■ **What to work on**: Without changing a word, repeat the data, and include no pictures.

■ **Raw data**:
□ □ □ □

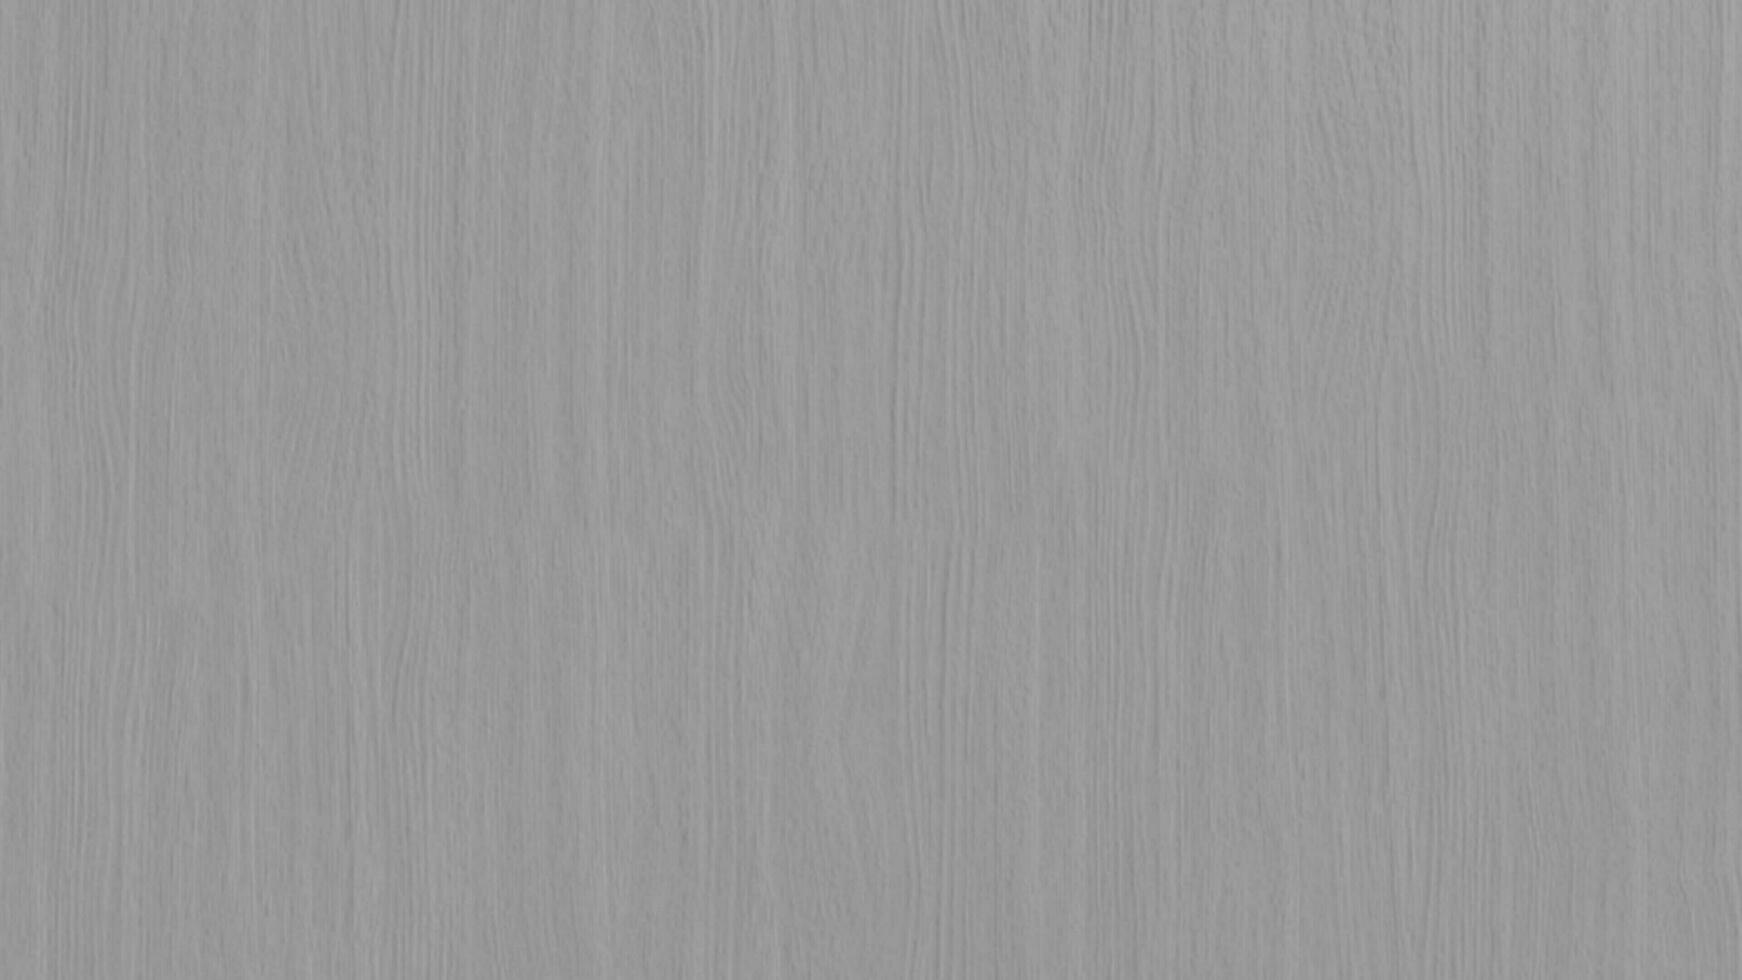 Holz Textur grau zum Hintergrund oder Startseite foto
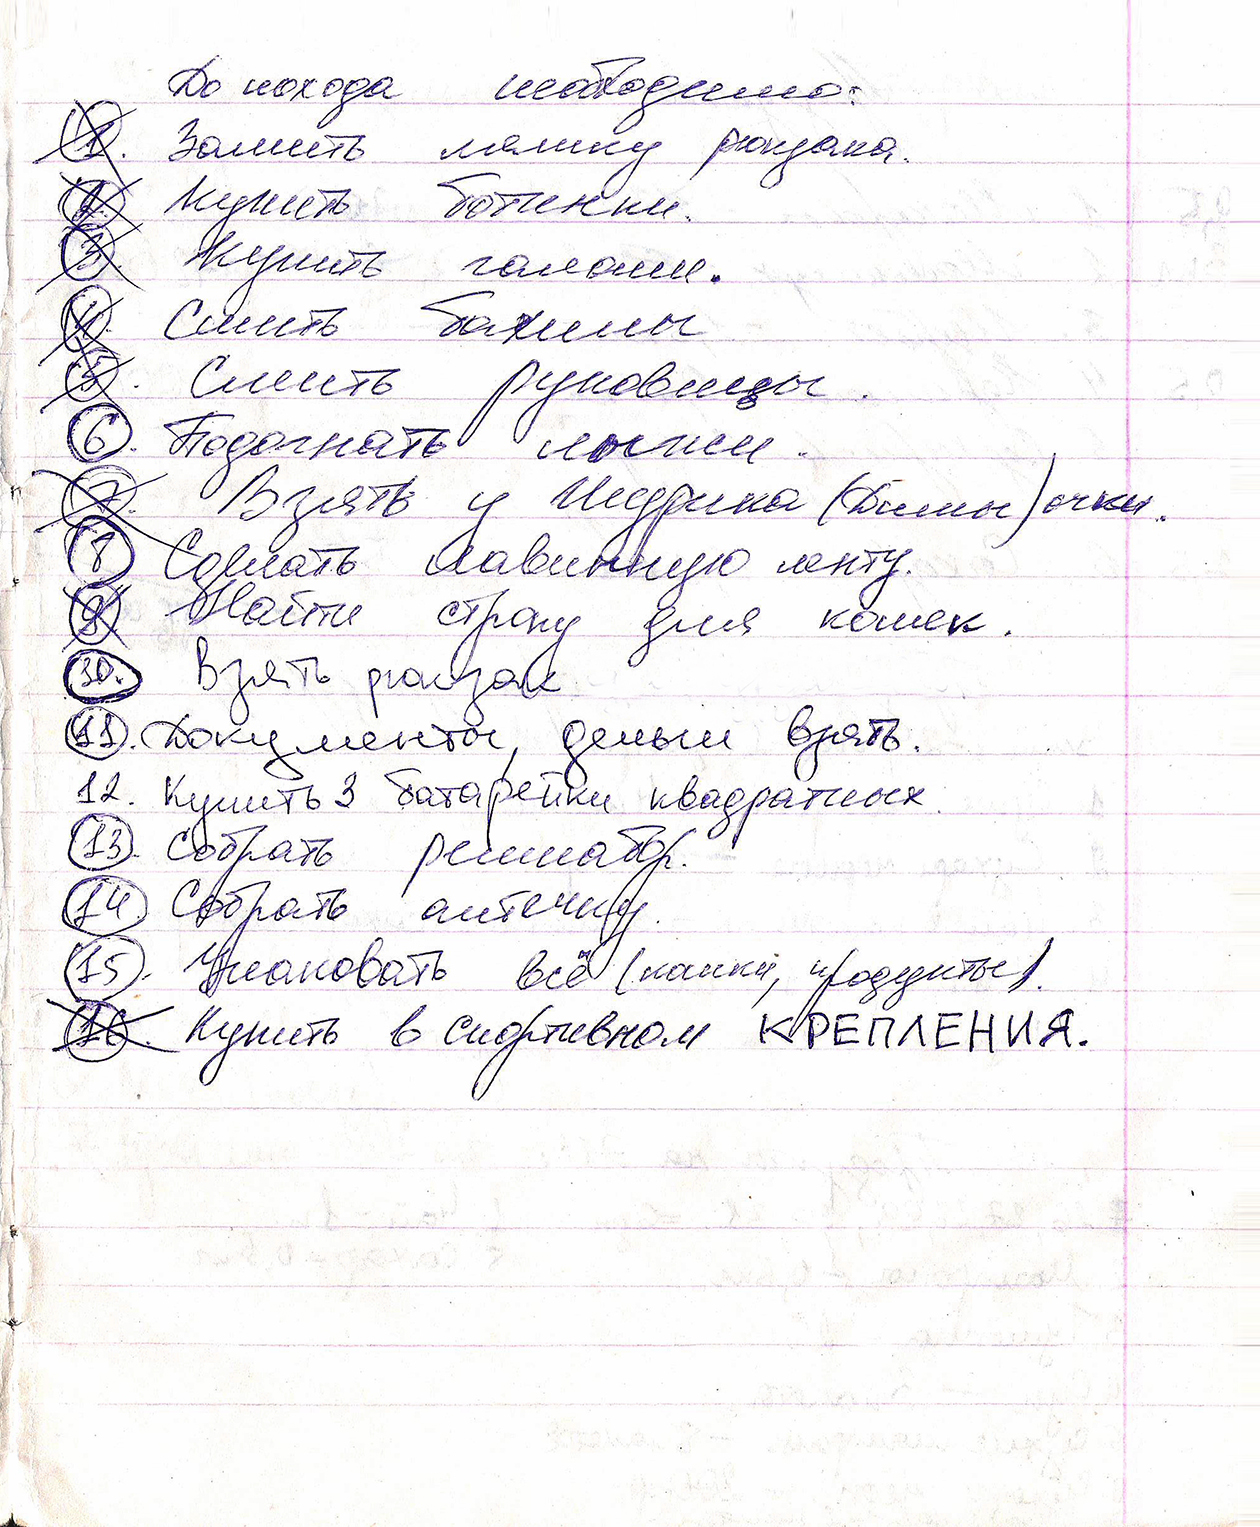 Список для похода в Хибины образца 1997 года
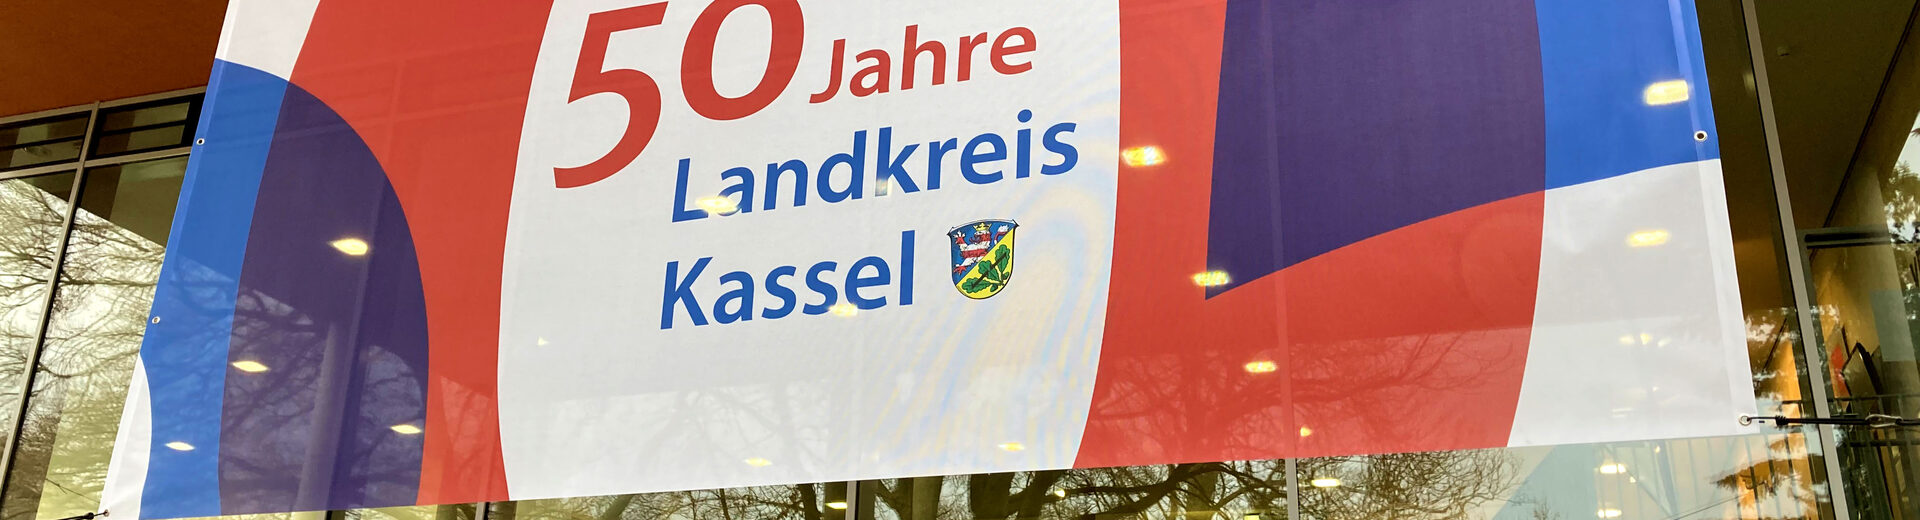 Banner vor Kreishaus

□ □ □ □

■ **Solved exercise**:
 Holz Textur grau zum Hintergrund oder Startseite foto
 Список для похода в Хибины образца 1997 года
 Banner vor Kreishaus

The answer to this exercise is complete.